● Assignment: Starting at the line below holding "Hd Wallpaper Happy" and stopping at the line holding "Recycled Materials - Sheet", print every line exactly, both ends included, and leave the rest out.

*** Records for the task ***

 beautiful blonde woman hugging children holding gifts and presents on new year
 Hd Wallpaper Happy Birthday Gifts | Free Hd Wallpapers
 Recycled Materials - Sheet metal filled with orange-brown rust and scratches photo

*** End of Records for the task ***
*** Records for the task ***

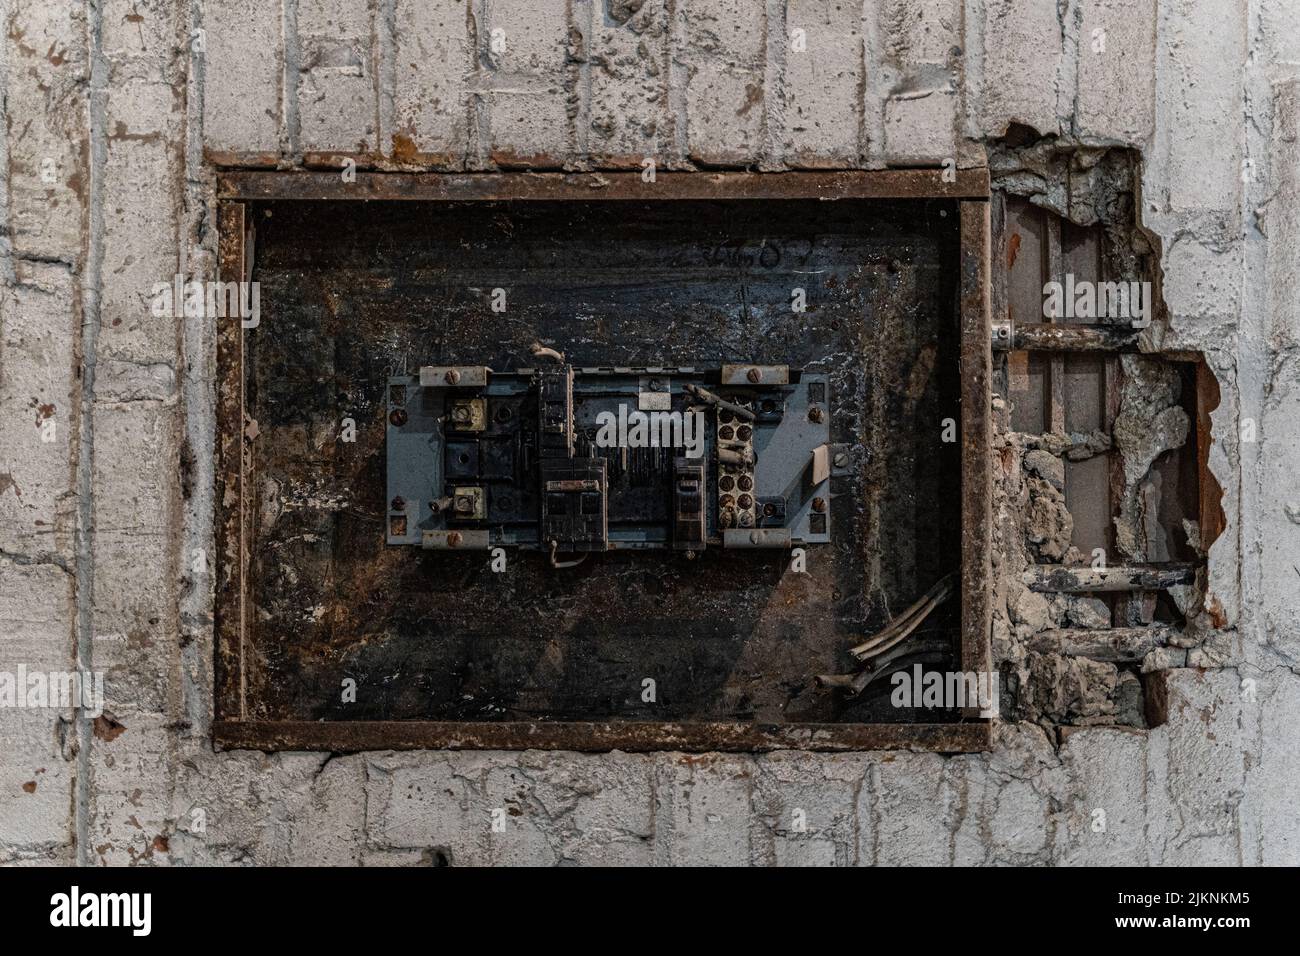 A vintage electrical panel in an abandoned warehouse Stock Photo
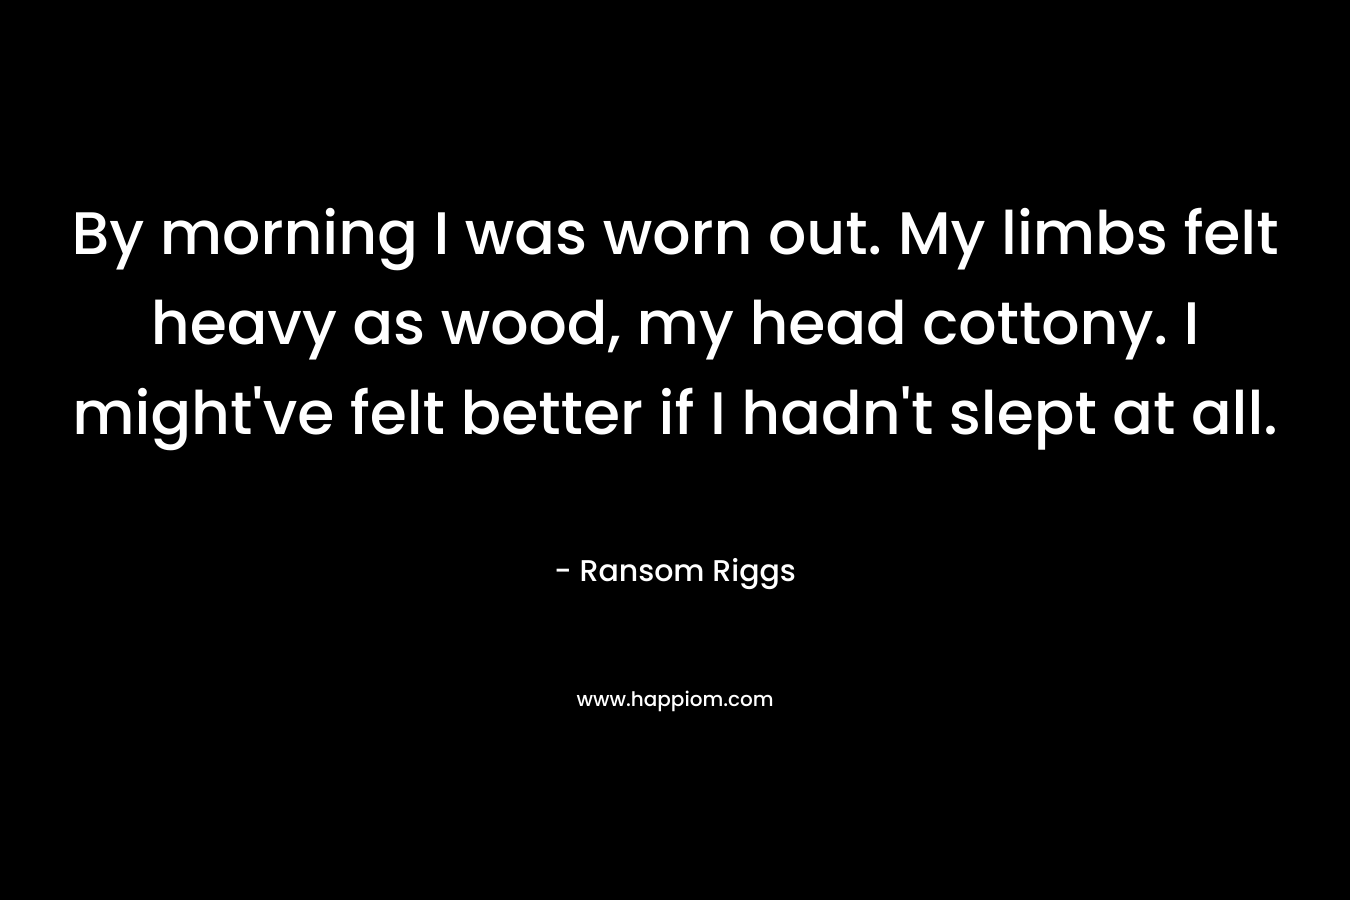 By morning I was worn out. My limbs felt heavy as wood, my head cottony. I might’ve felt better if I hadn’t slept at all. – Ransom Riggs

*** End of Records for the task ***
*** Records for the task ***

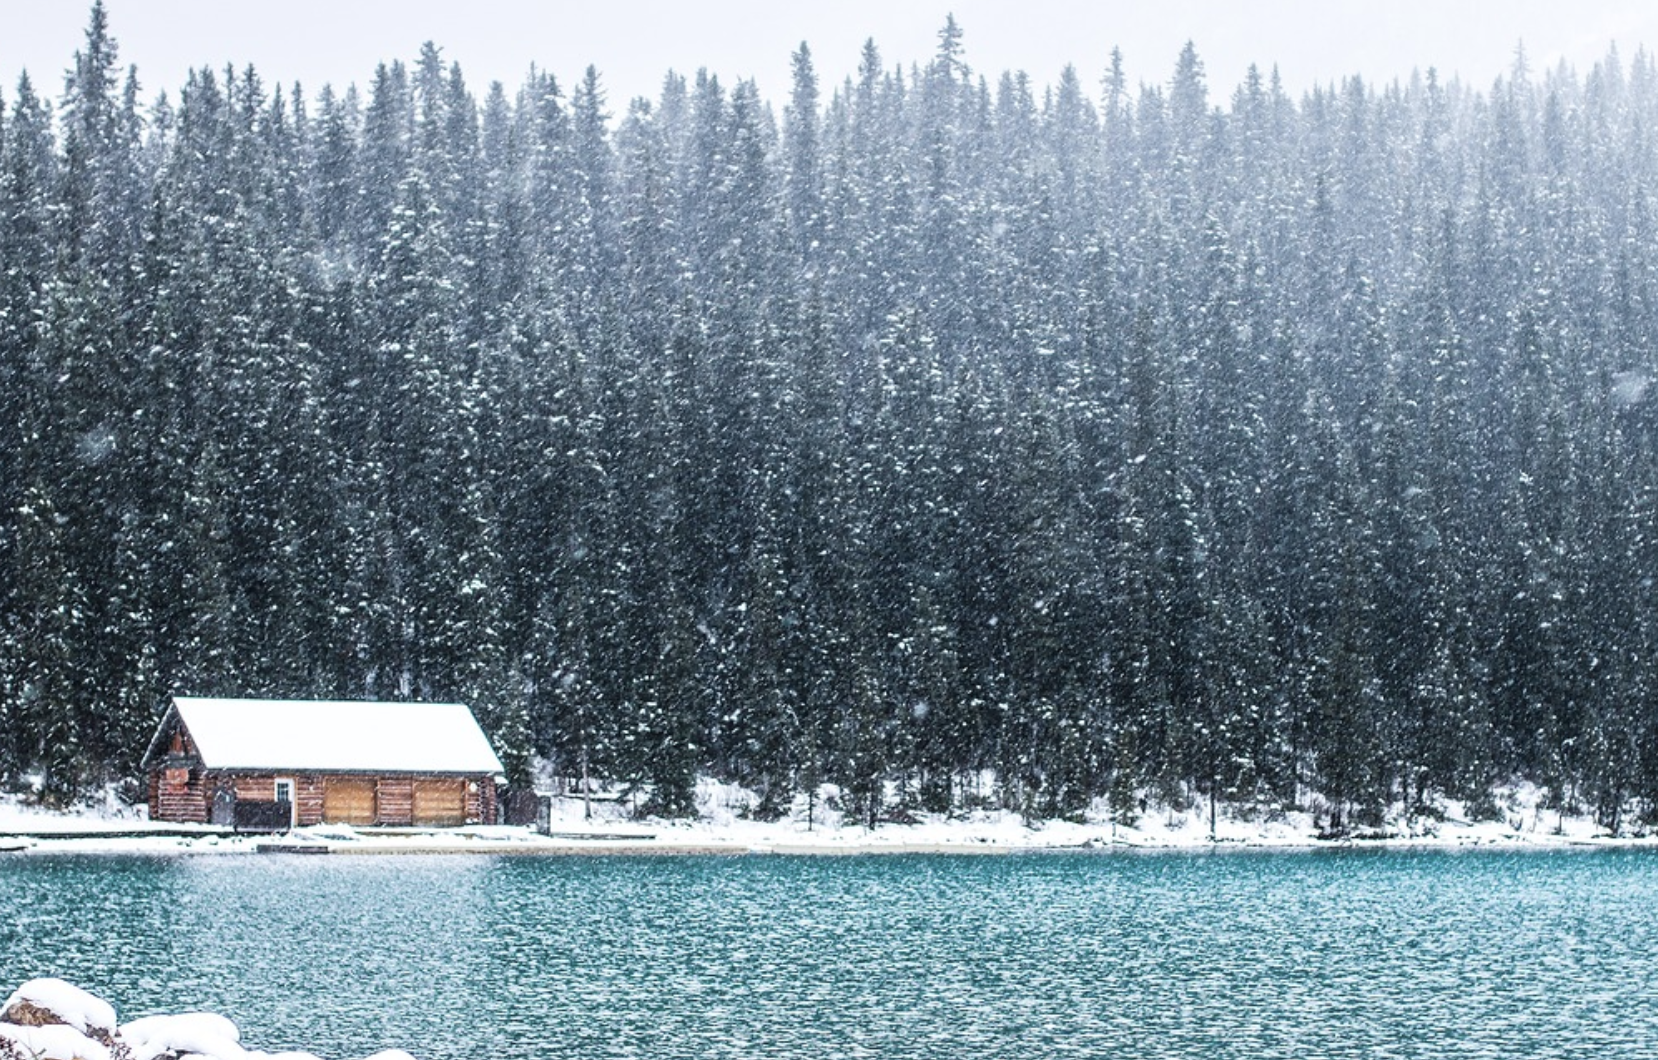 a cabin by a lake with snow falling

*** End of Records for the task ***

● Reply:
 Hd Wallpaper Happy Birthday Gifts | Free Hd Wallpapers
 Recycled Materials - Sheet metal filled with orange-brown rust and scratches photo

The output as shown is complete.